** Stored data **
++++++
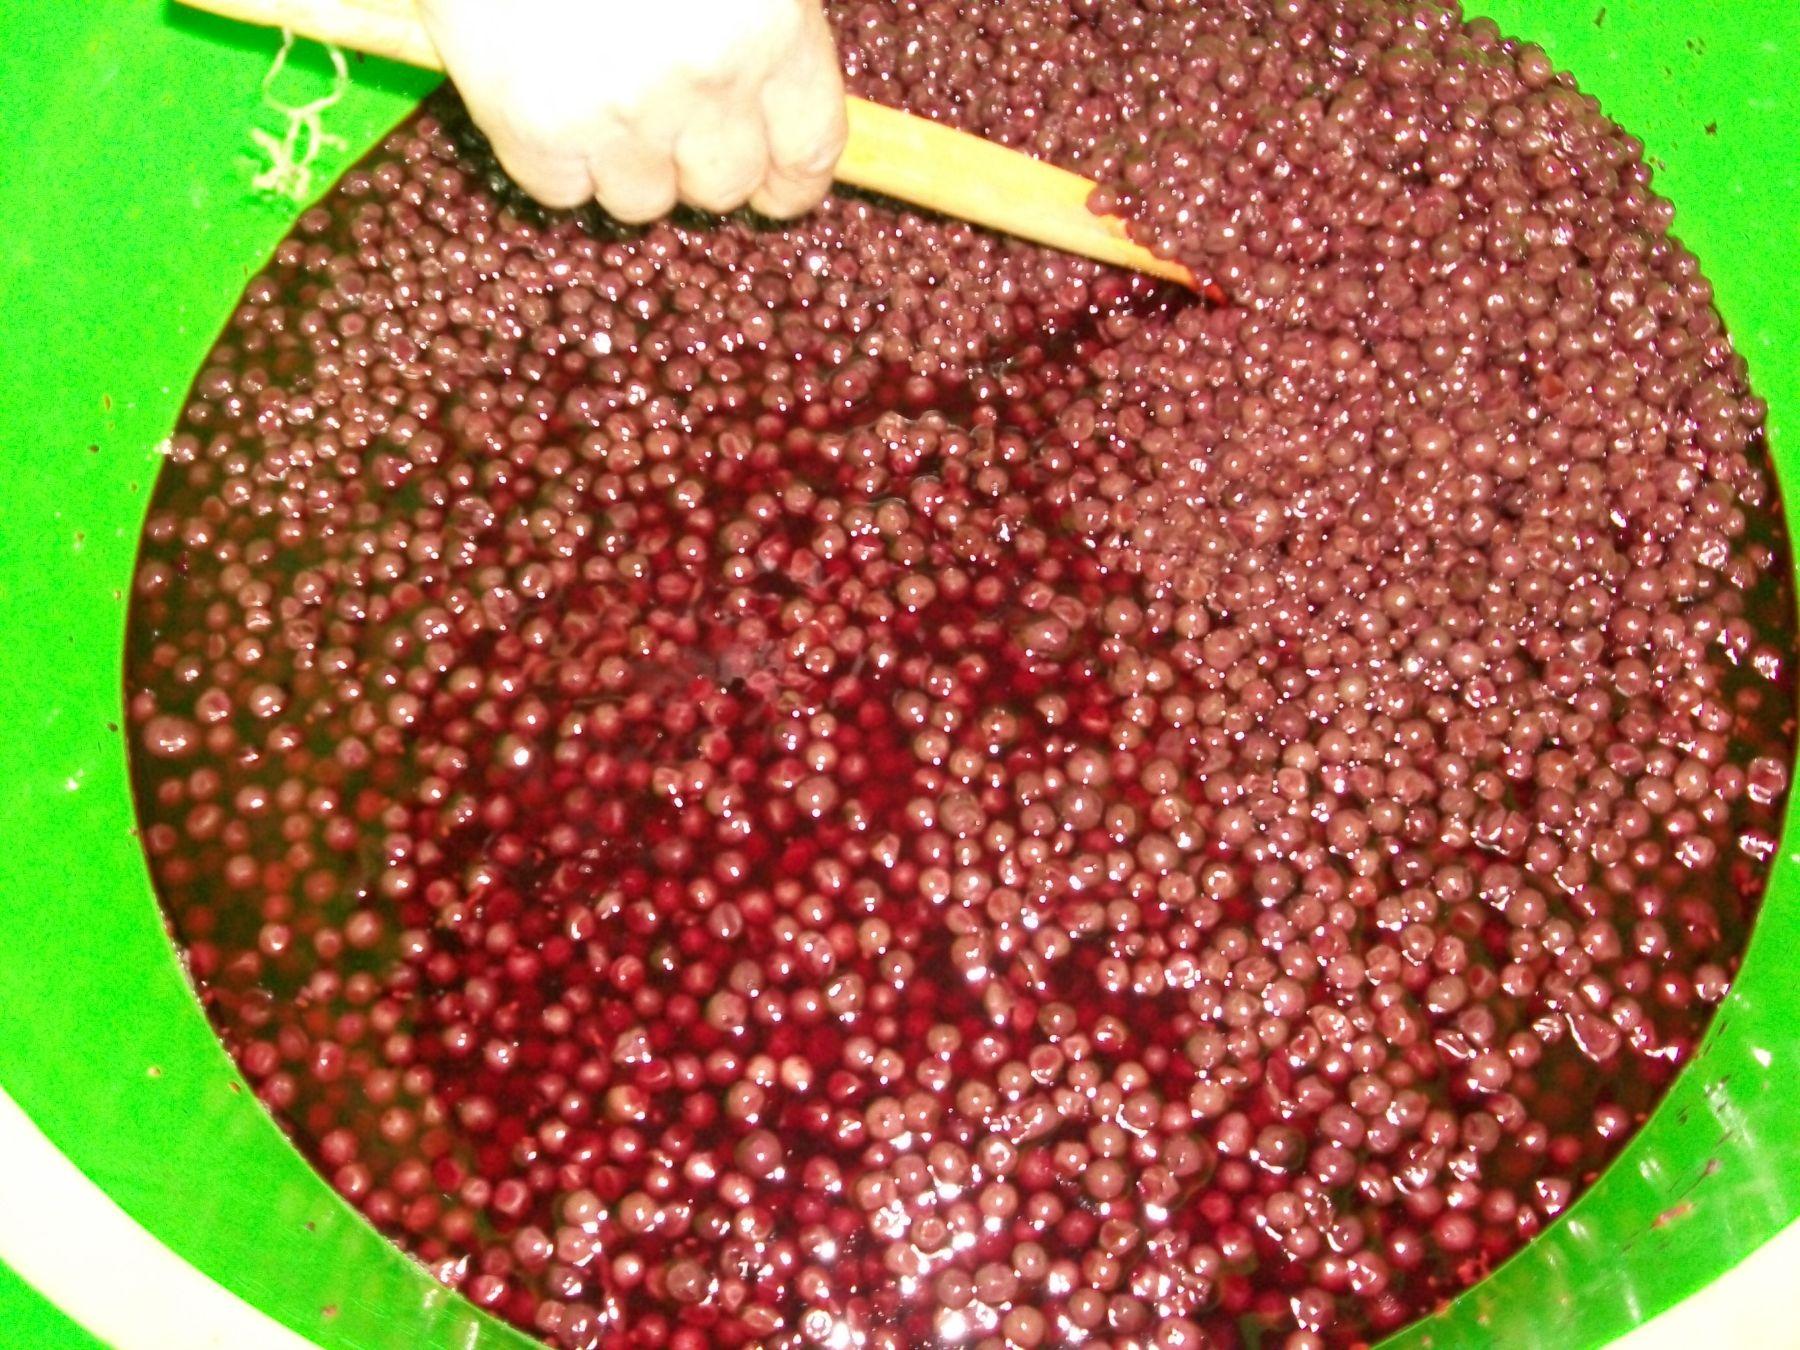 Preparación de vino de saúco. Foto: Programa Juntos.
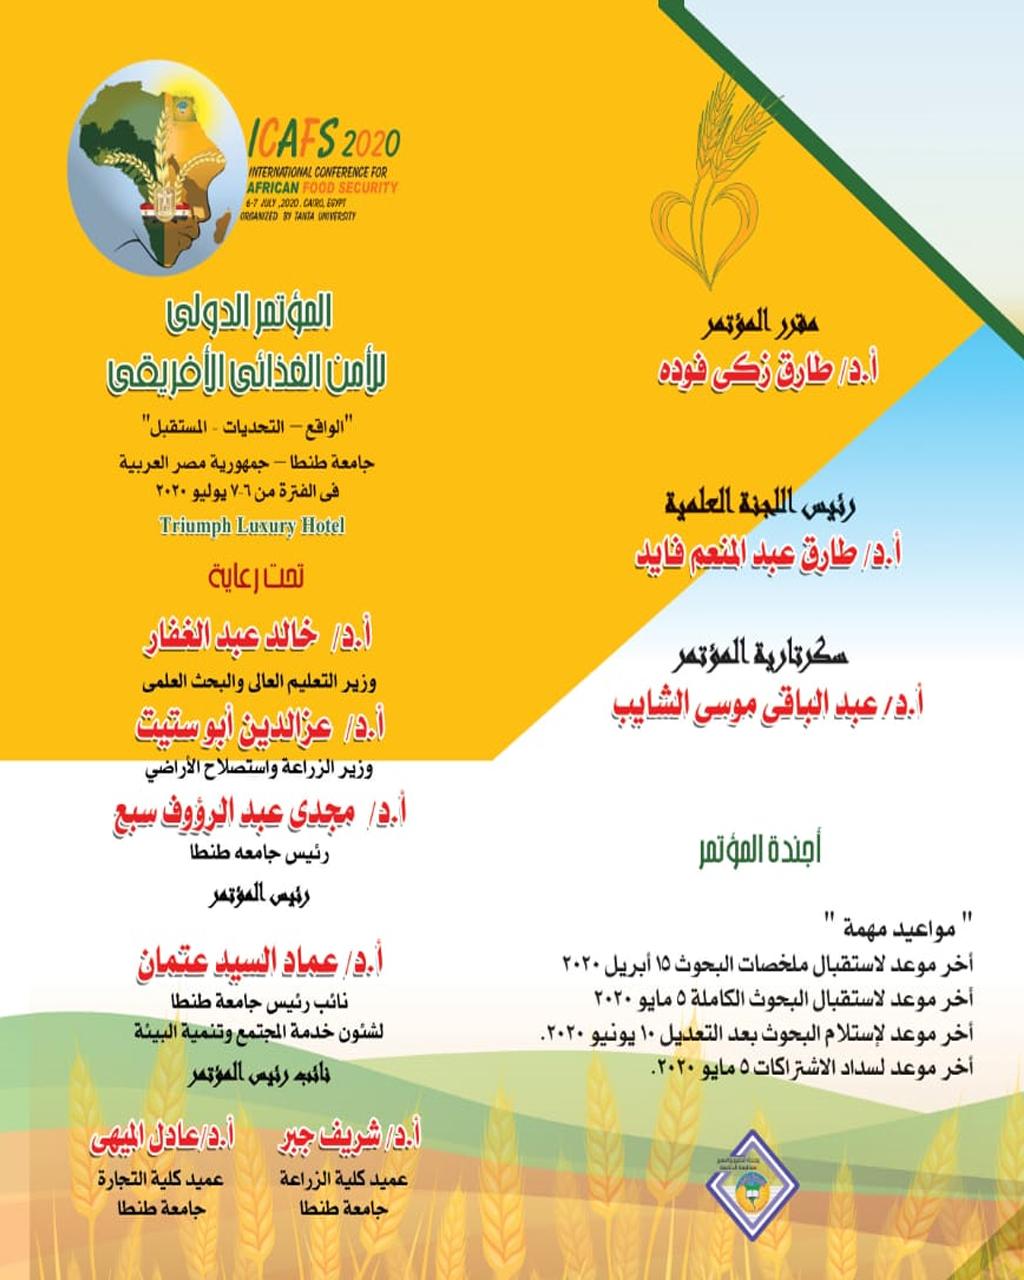 المؤتمر الدولي للأمن الغذائي الأفريقي
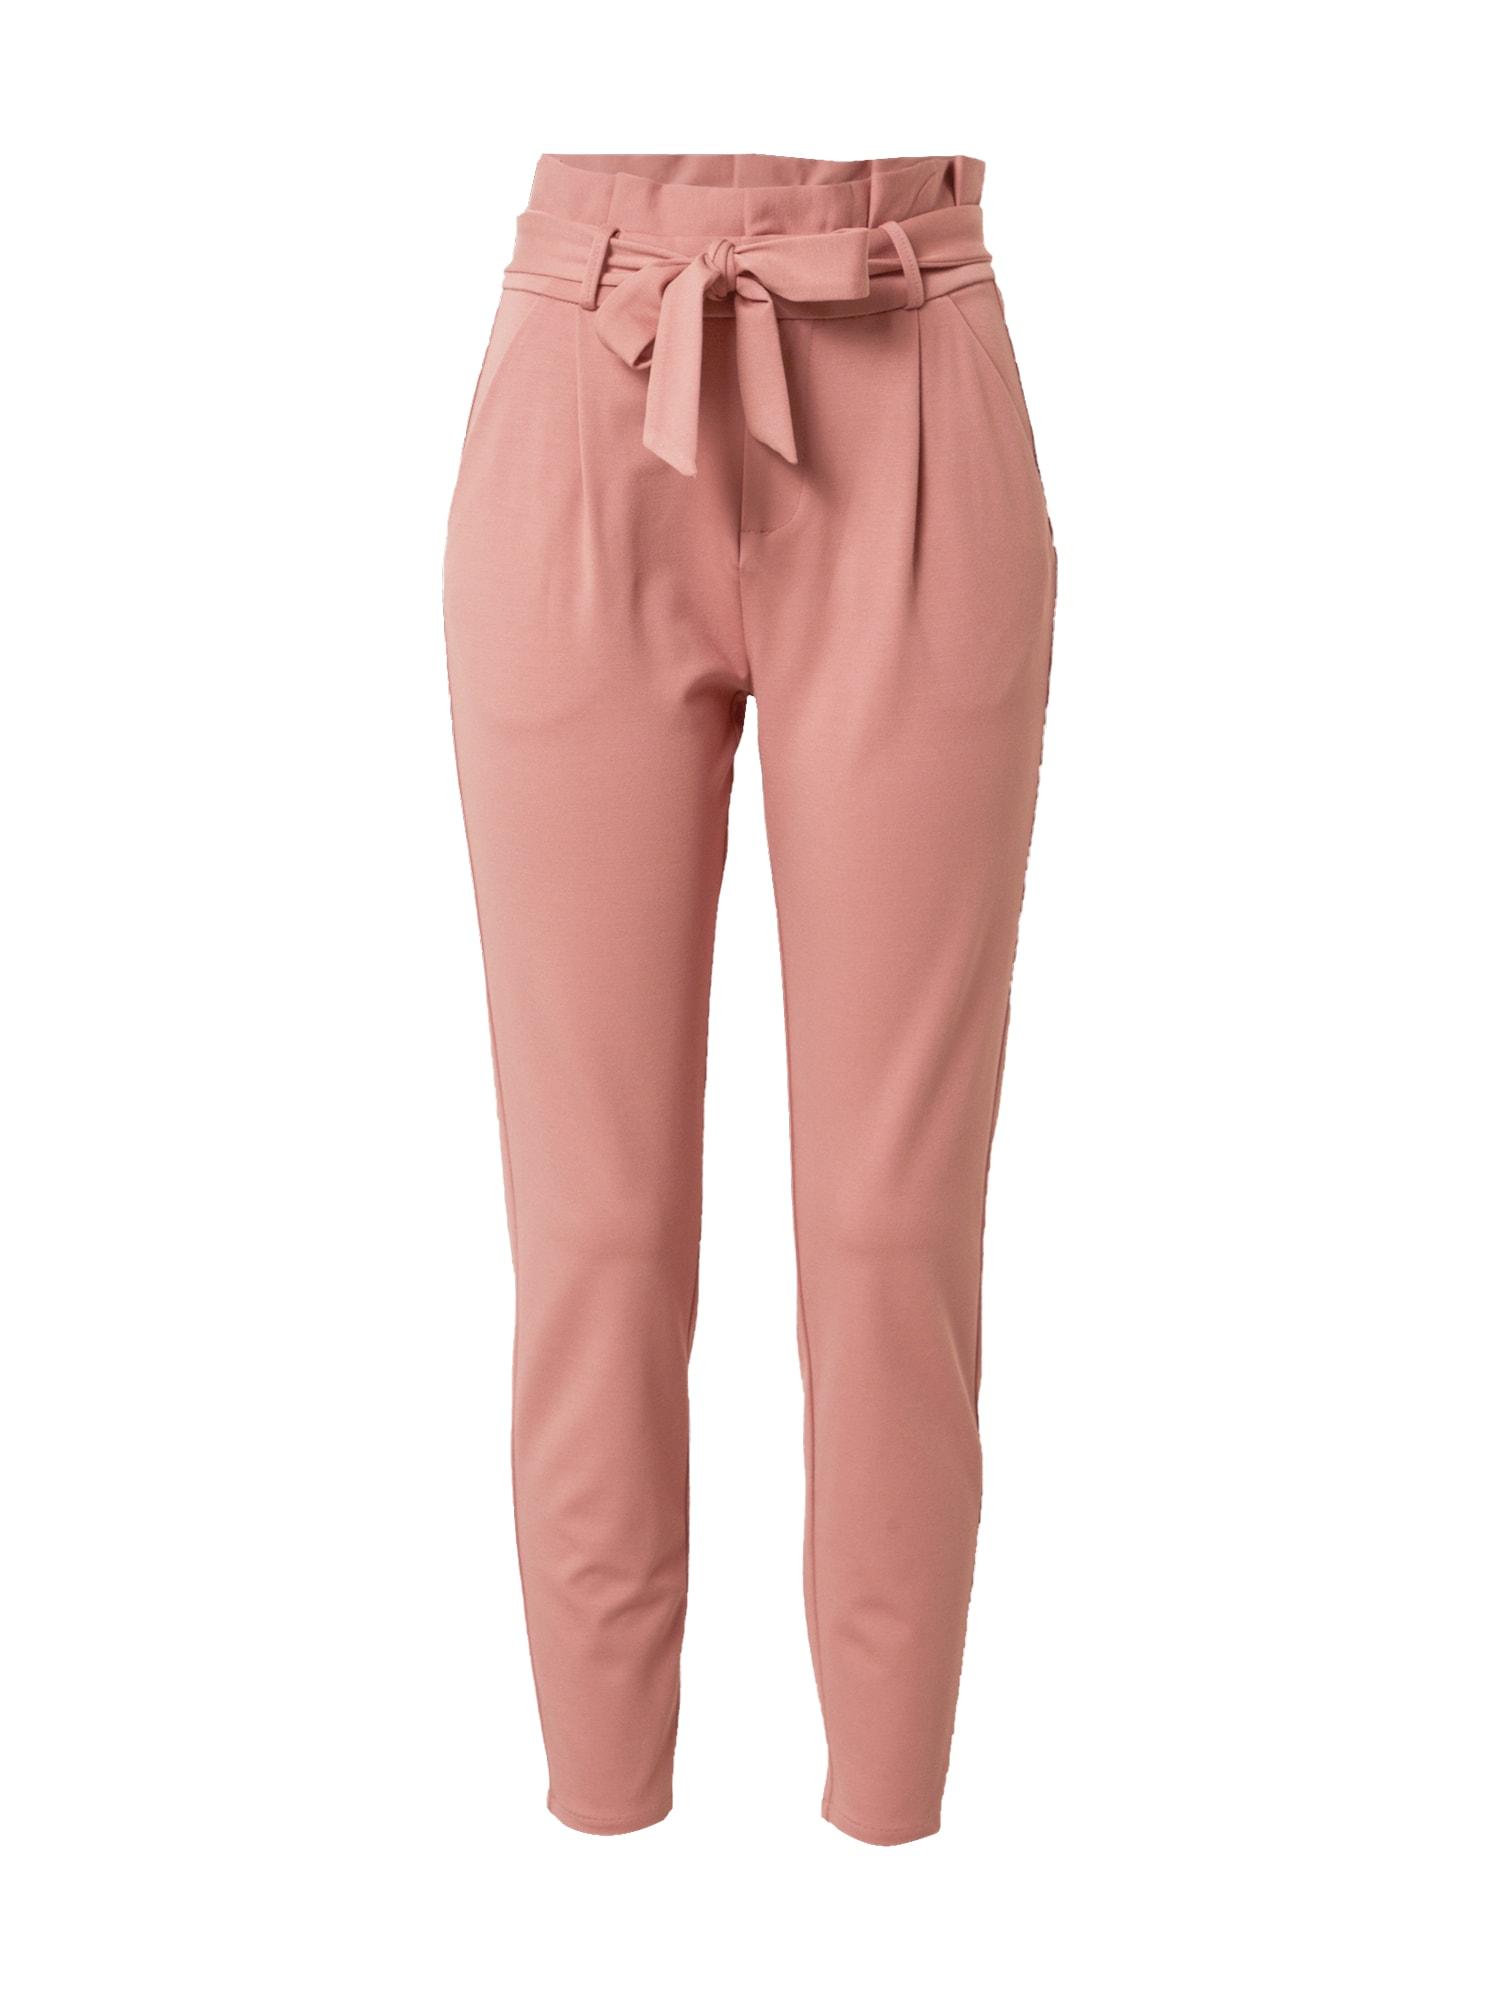 VERO MODA Klostuotos kelnės ryškiai rožinė spalva
++++++
** Work item **
Pictures are to be left out; all other data must be returned exactly.

** Written reply **
 Preparación de vino de saúco. Foto: Programa Juntos.
 المؤتمر الدولي للأمن الغذائي الأفريقي
 VERO MODA Klostuotos kelnės ryškiai rožinė spalva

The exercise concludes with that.